Location
- Dublin Road Bray, Dún Laoghaire–Rathdown Ireland

Information
- School type: High school
- Motto: Learning Together for a Better Future
- Founded: 1956
- Principal: Henry Hurley
- Years: First through sixth
- Gender: Mixed
- Age range: 12-19
- Enrollment: 436

= Woodbrook College =

Woodbrook College is an Edmund Rice, co-educational secondary school located in Woodbrook, Bray, Dún Laoghaire–Rathdown, Ireland. Part of the Edmund Rice Schools Trust (ERST). Previously called St Brendan's College, the school was rebranded as part of a rebuild and expansion from 2016.

The grounds are located on the Dublin Road, just north of Bray. Although, officially, it is over the County Dublin border, it is usually referred to as being in County Wicklow and part of Bray. The former building was opened on 5 September 1956, and accommodated approximately 400 students.

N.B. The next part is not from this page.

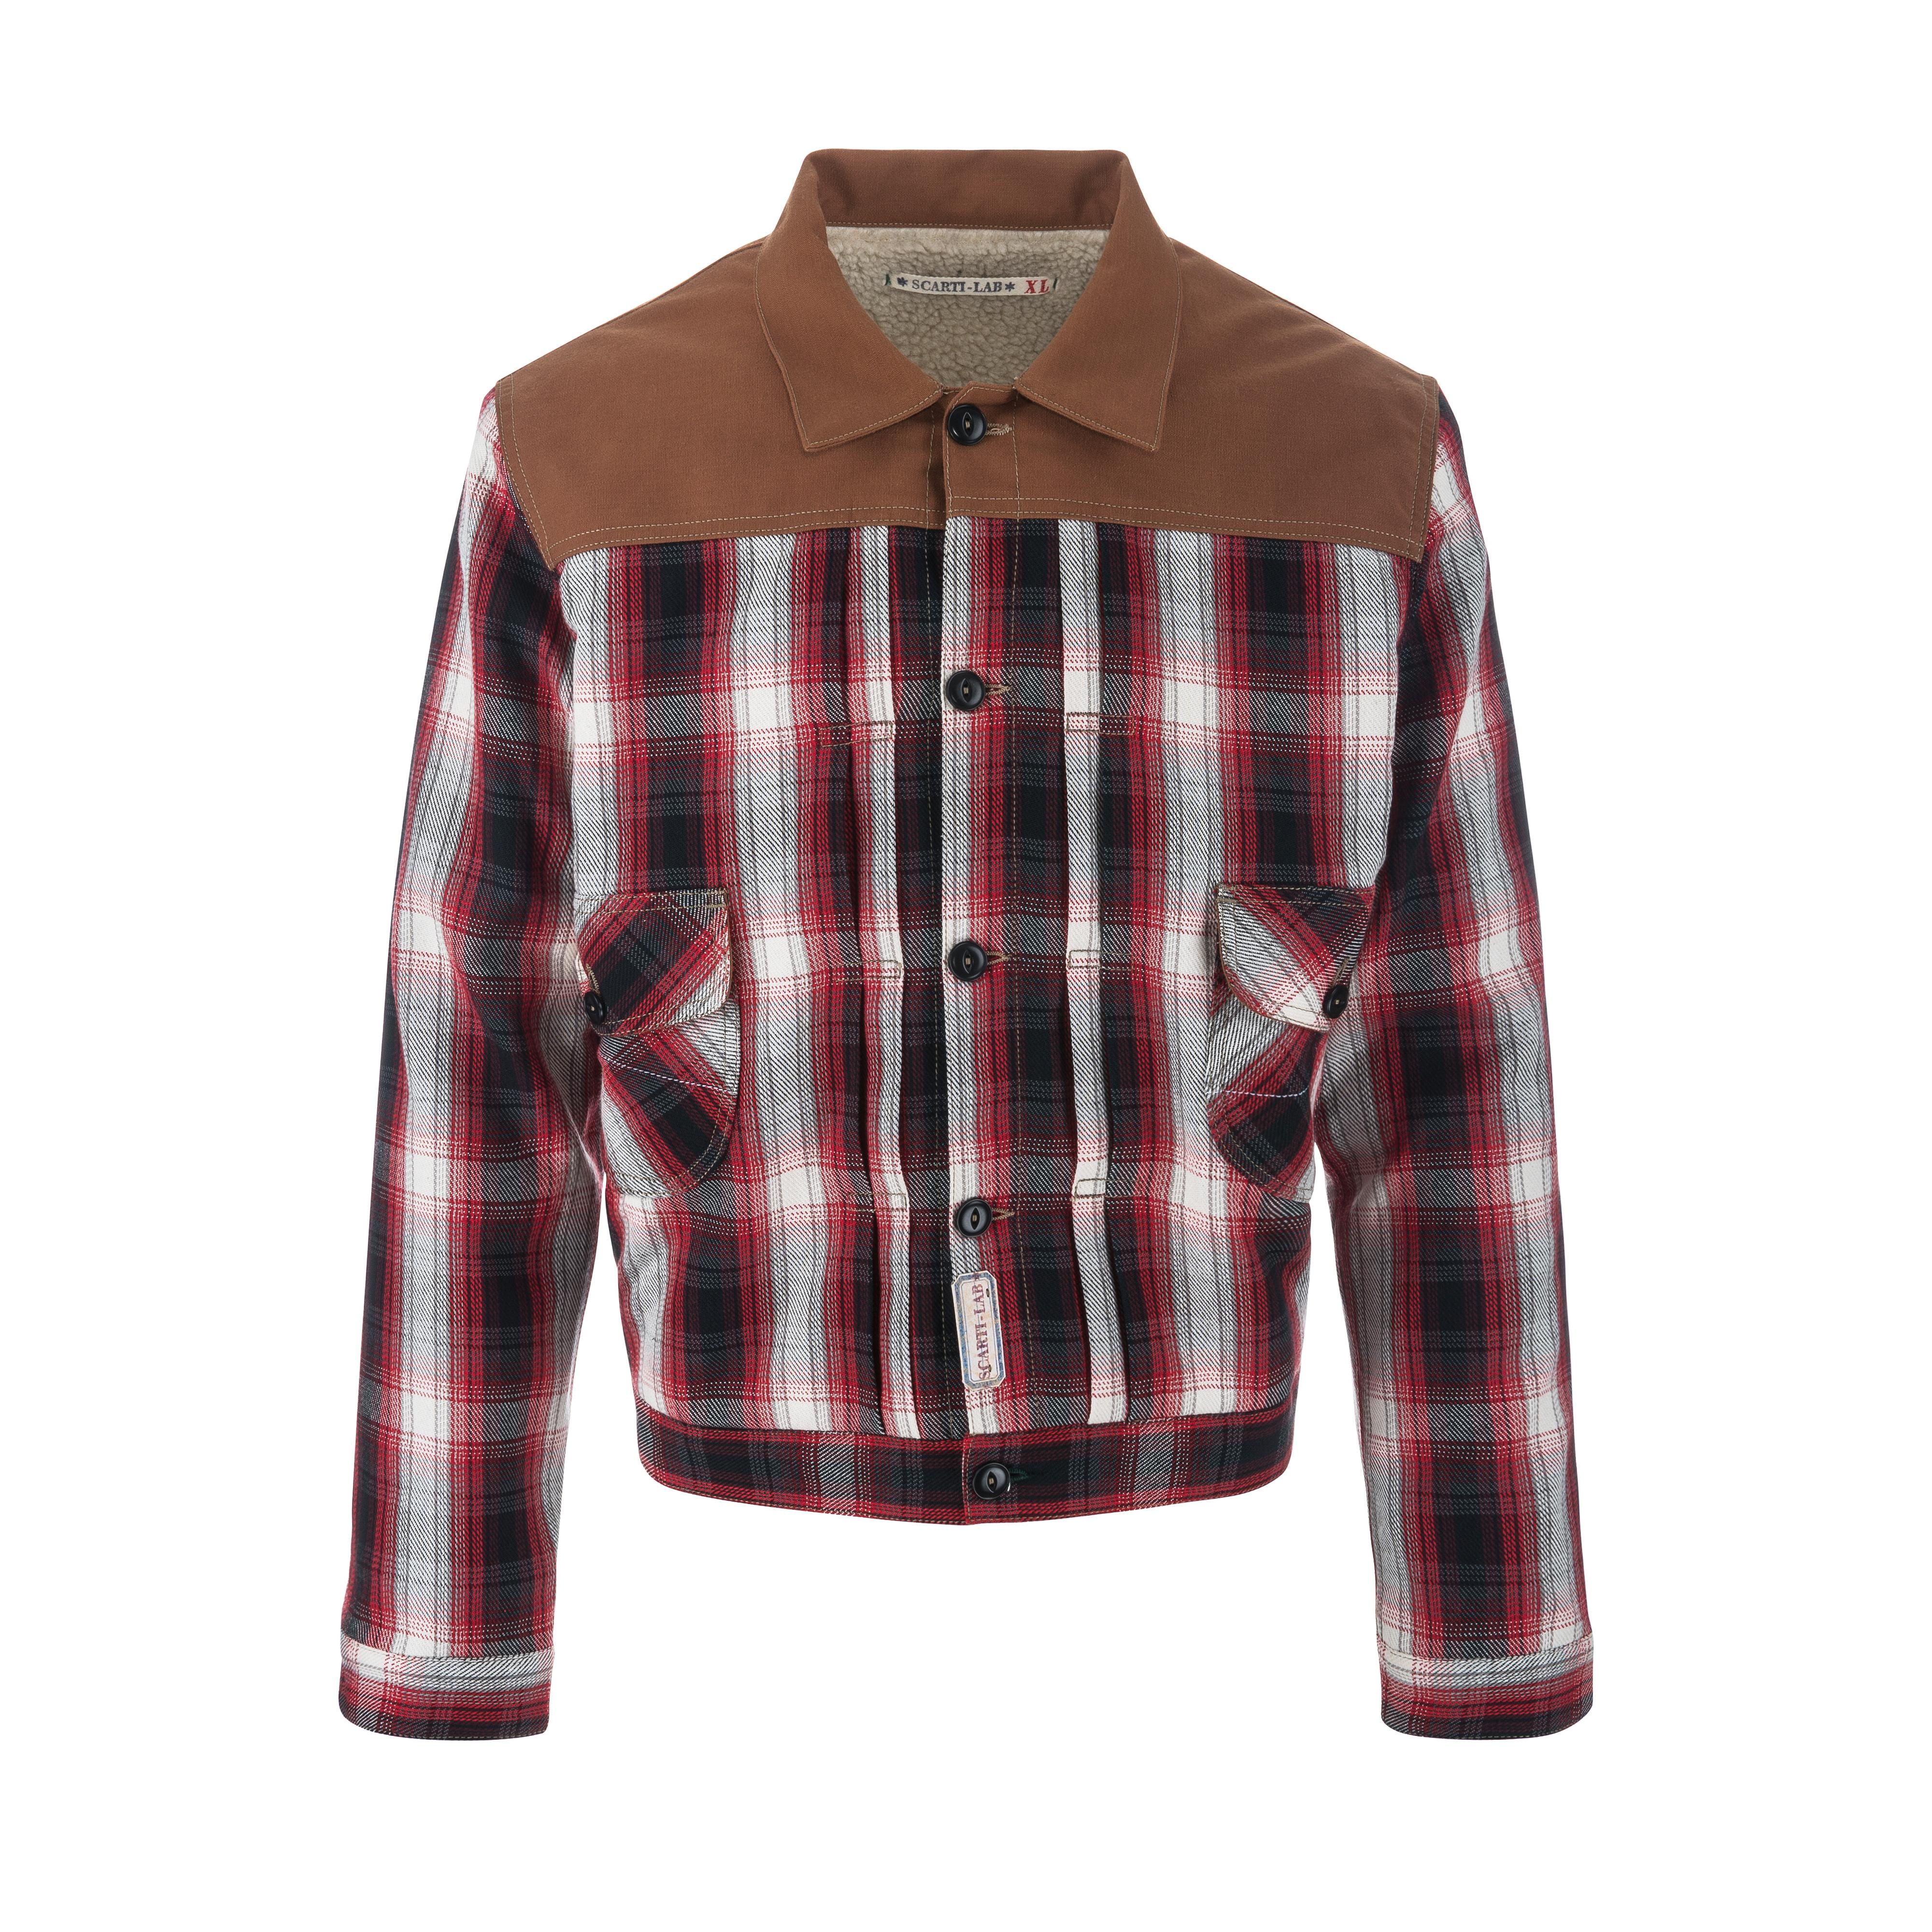 Cotton Jacket Brown/Check Black/Red/White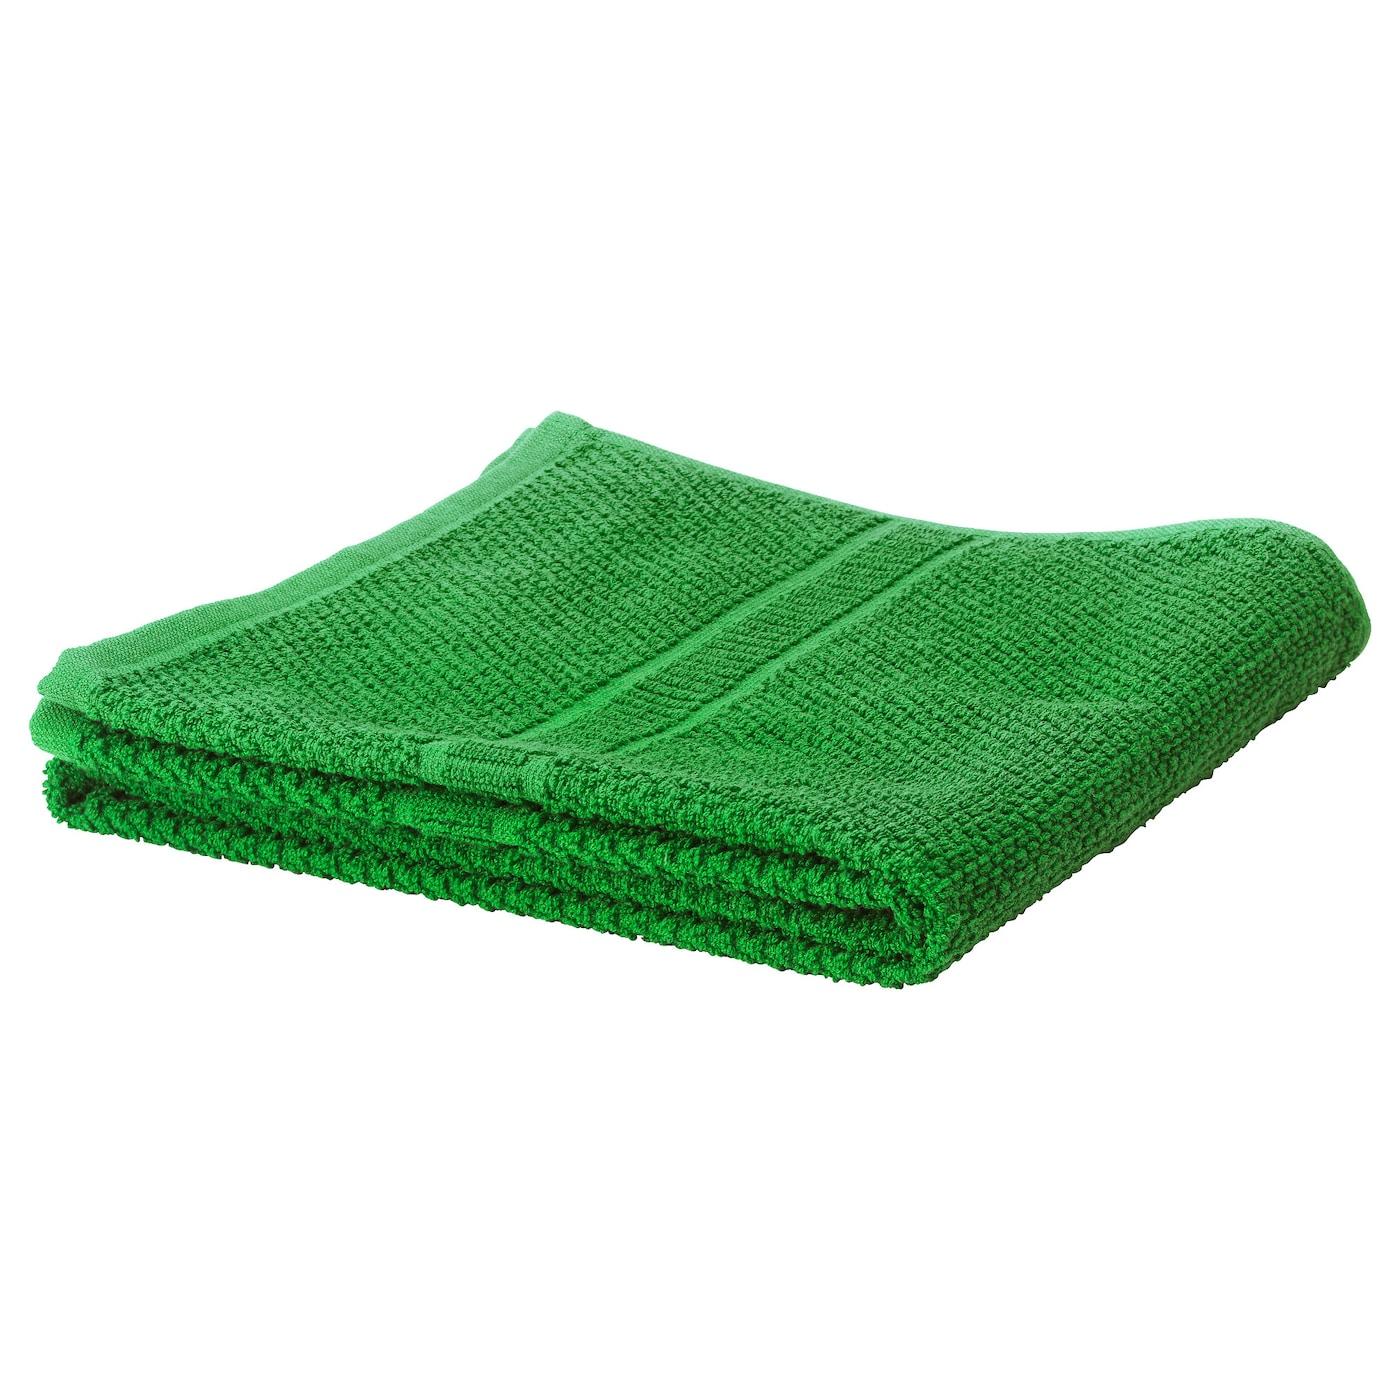 badaren tapis de bain vert 55 cm ikea. Black Bedroom Furniture Sets. Home Design Ideas

The school celebrated its fiftieth year in 2006, thus marking its Golden Jubilee. This led to a visit by President of Ireland, Mary McAleese.

== Subjects ==
Woodbrook College offers a range of subjects, both optional and core. Out of the four optional subjects offered for the Junior Cycle, a maximum of two can be taken. Out of the twelve optional subjects for the Senior Cycle, a maximum of four can be taken.

== Extracurricular activities ==
Woodbrook College offers students many extracurricular activities. Among them are basketball, supervised study, rugby, Gaelic games, association football (soccer), athletics and debating.